# ESG Sentiment Analysis & Greenwashing Detection

This notebook demonstrates how to use Natural Language Processing (NLP) to analyze earnings call transcripts for ESG content and potential greenwashing.

In [None]:
import pandas as pd
import matplotlib.pyplot as plt
import re

# Mock Data: Simulated Earnings Call Segments
transcripts = [
    {
        "company": "OilCo",
        "text": "We are committed to Net Zero by 2050. However, current market dynamics require us to expand production in the Permian basin to ensure energy security. We are exploring carbon capture technologies, but costs remain high. Our safety record is strong."
    },
    {
        "company": "TechGreen",
        "text": "We have achieved 100% renewable energy for our data centers. Our diversity initiatives have increased female leadership by 15% YoY. We are auditing our supply chain for human rights compliance and have severed ties with non-compliant vendors."
    },
    {
        "company": "FastFashionInc",
        "text": "We love the planet. Sustainability is in our DNA. We are launching a green collection. We care about people. Our board is thinking about climate change constantly. It is great."
    }
]

df = pd.DataFrame(transcripts)

## Define Lexicons

In [None]:
esg_keywords = {
    'E': ['carbon', 'net zero', 'renewable', 'energy', 'climate', 'planet', 'green'],
    'S': ['diversity', 'safety', 'human rights', 'labor', 'community', 'people'],
    'G': ['board', 'audit', 'compliance', 'shareholder', 'governance']
}

def count_keywords(text, category):
    count = 0
    for word in esg_keywords[category]:
        count += len(re.findall(r'\b' + word + r'\b', text.lower()))
    return count

# Apply counting
for cat in ['E', 'S', 'G']:
    df[f'{cat}_Score'] = df['text'].apply(lambda x: count_keywords(x, cat))

print(df[['company', 'E_Score', 'S_Score', 'G_Score']])

## Basic Sentiment Analysis (Rule-Based)
We will check for 'specific' vs 'vague' language as a proxy for commitment.

In [None]:
specific_terms = ['achieved', 'increased', 'auditing', 'severed', 'YoY', '%']
vague_terms = ['committed to', 'exploring', 'thinking about', 'DNA', 'love', 'care']

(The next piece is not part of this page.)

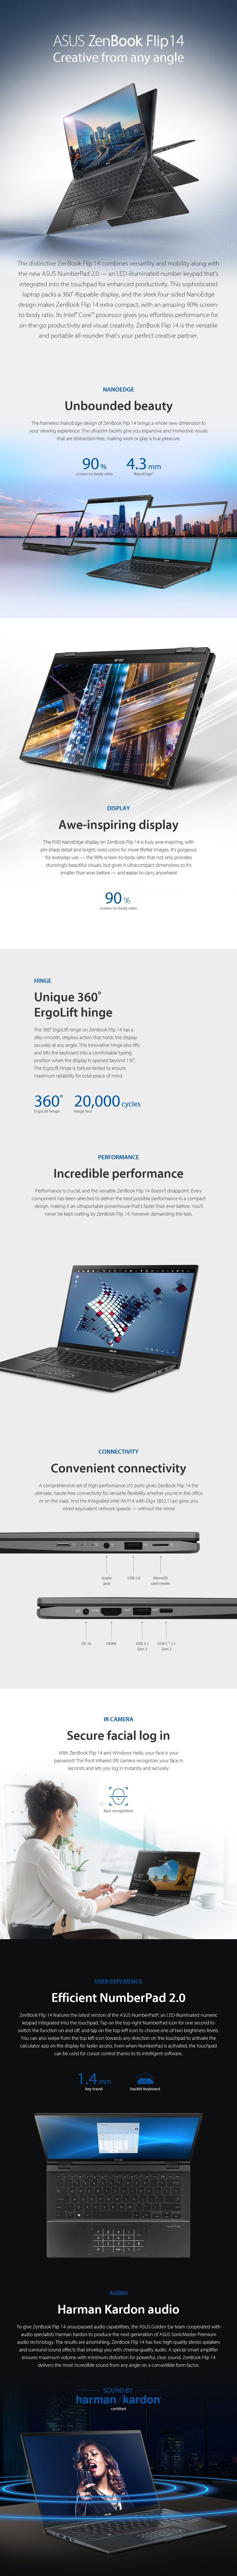 asus-zenbook-flip-14-ux463fa-14-laptop-i510210u-8gb-512gb-w10p-touch-ac32598-7-1-.jpg

def specificity_score(text):
    specific = sum([1 for word in specific_terms if word in text])
    vague = sum([1 for word in vague_terms if word in text])
    return specific - vague

df['Specificity'] = df['text'].apply(specificity_score)

# Visualize
plt.figure(figsize=(10, 6))
plt.bar(df['company'], df['Specificity'], color=['red', 'green', 'orange'])
plt.title('Greenwashing Detection: Specificity Score')
plt.ylabel('Score (Positive = Specific, Negative = Vague)')
plt.axhline(0, color='black', linewidth=0.8)
plt.show()

## Interpretation
*   **TechGreen** scores high (Positive) due to concrete terms like "achieved", "100%", "auditing".
*   **OilCo** is mixed/negative; they cite "committed to" and "exploring" which are future promises, not current actions.
*   **FastFashionInc** scores lowest; high usage of fluff words "love", "DNA", "great" without data.